Items from a dataset
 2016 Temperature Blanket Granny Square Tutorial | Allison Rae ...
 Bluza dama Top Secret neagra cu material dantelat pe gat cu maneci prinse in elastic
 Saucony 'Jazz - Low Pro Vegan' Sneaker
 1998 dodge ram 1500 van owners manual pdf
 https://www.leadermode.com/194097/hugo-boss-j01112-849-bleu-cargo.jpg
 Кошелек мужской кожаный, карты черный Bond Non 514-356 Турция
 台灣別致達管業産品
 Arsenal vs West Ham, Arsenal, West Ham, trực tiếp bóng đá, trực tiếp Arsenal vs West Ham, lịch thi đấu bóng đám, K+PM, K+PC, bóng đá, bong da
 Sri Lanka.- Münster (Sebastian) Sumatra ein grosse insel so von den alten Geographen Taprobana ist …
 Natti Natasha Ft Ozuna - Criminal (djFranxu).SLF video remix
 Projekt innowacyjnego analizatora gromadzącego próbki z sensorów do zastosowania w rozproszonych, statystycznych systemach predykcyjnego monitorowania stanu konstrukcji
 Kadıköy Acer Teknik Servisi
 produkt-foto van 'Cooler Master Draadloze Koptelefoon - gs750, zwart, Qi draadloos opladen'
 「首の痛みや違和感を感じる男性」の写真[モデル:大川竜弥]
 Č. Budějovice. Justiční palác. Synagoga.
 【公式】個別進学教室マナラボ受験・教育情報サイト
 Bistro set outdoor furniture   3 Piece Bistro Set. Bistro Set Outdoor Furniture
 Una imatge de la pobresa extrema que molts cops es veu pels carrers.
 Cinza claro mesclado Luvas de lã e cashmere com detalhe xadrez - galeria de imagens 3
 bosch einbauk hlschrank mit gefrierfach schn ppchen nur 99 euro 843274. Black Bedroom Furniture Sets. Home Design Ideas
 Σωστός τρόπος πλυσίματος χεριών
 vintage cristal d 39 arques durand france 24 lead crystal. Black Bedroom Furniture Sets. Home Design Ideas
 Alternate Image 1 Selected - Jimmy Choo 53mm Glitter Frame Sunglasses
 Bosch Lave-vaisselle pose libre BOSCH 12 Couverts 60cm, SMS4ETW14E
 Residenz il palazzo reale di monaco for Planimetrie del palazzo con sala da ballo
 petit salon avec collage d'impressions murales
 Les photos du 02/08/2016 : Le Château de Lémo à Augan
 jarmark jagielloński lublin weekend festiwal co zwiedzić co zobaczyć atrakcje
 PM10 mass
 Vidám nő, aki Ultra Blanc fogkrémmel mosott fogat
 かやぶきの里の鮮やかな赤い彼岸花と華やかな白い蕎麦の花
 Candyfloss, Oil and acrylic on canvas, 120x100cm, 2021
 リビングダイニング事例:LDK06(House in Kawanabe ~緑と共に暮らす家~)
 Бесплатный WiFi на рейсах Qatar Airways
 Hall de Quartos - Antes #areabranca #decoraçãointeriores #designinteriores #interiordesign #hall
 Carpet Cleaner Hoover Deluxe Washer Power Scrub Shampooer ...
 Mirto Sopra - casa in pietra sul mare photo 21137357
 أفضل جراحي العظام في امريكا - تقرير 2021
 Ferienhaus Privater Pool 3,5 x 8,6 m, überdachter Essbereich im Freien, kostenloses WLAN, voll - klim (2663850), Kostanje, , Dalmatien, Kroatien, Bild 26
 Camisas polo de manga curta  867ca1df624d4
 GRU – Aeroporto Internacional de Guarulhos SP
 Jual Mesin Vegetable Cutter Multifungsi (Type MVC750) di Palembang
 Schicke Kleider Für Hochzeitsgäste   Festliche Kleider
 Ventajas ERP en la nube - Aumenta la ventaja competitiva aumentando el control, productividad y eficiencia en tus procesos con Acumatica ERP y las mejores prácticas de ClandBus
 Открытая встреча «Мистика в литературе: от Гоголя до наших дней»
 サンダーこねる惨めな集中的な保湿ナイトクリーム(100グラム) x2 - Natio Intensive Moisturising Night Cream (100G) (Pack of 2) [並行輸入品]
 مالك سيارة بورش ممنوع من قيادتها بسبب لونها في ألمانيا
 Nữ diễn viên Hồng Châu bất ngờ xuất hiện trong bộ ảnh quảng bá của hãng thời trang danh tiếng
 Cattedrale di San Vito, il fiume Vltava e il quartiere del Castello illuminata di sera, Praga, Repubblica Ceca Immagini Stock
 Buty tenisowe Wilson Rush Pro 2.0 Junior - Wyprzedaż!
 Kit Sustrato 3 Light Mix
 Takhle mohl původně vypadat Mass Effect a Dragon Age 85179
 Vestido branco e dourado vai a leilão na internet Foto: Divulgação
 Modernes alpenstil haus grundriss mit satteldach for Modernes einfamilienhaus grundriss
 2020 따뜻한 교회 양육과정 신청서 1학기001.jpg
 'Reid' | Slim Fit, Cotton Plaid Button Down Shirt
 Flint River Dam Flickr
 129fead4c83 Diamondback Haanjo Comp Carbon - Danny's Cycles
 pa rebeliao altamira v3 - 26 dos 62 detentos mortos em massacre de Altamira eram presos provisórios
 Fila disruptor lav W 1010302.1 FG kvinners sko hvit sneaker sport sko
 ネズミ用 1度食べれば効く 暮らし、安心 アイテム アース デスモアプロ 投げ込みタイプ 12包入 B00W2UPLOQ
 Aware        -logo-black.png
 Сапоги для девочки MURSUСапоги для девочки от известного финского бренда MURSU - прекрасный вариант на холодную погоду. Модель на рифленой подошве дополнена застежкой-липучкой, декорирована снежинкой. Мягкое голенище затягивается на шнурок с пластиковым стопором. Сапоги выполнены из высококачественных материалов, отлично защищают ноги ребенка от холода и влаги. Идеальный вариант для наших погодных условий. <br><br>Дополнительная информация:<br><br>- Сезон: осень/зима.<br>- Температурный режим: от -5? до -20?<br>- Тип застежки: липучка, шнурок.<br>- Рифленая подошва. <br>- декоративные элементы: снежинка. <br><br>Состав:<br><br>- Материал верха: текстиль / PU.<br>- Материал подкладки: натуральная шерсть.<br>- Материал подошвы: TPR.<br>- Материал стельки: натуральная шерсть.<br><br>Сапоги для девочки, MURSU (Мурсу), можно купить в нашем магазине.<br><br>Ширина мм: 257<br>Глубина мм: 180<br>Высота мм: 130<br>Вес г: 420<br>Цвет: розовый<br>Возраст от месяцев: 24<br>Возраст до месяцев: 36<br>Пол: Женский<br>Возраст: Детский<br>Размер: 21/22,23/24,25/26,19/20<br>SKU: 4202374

■ Assignment:
The answer must be every line of the data that holds the word "Furniture".

■ Answer to the exercise:
 Bistro set outdoor furniture   3 Piece Bistro Set. Bistro Set Outdoor Furniture
 bosch einbauk hlschrank mit gefrierfach schn ppchen nur 99 euro 843274. Black Bedroom Furniture Sets. Home Design Ideas
 vintage cristal d 39 arques durand france 24 lead crystal. Black Bedroom Furniture Sets. Home Design Ideas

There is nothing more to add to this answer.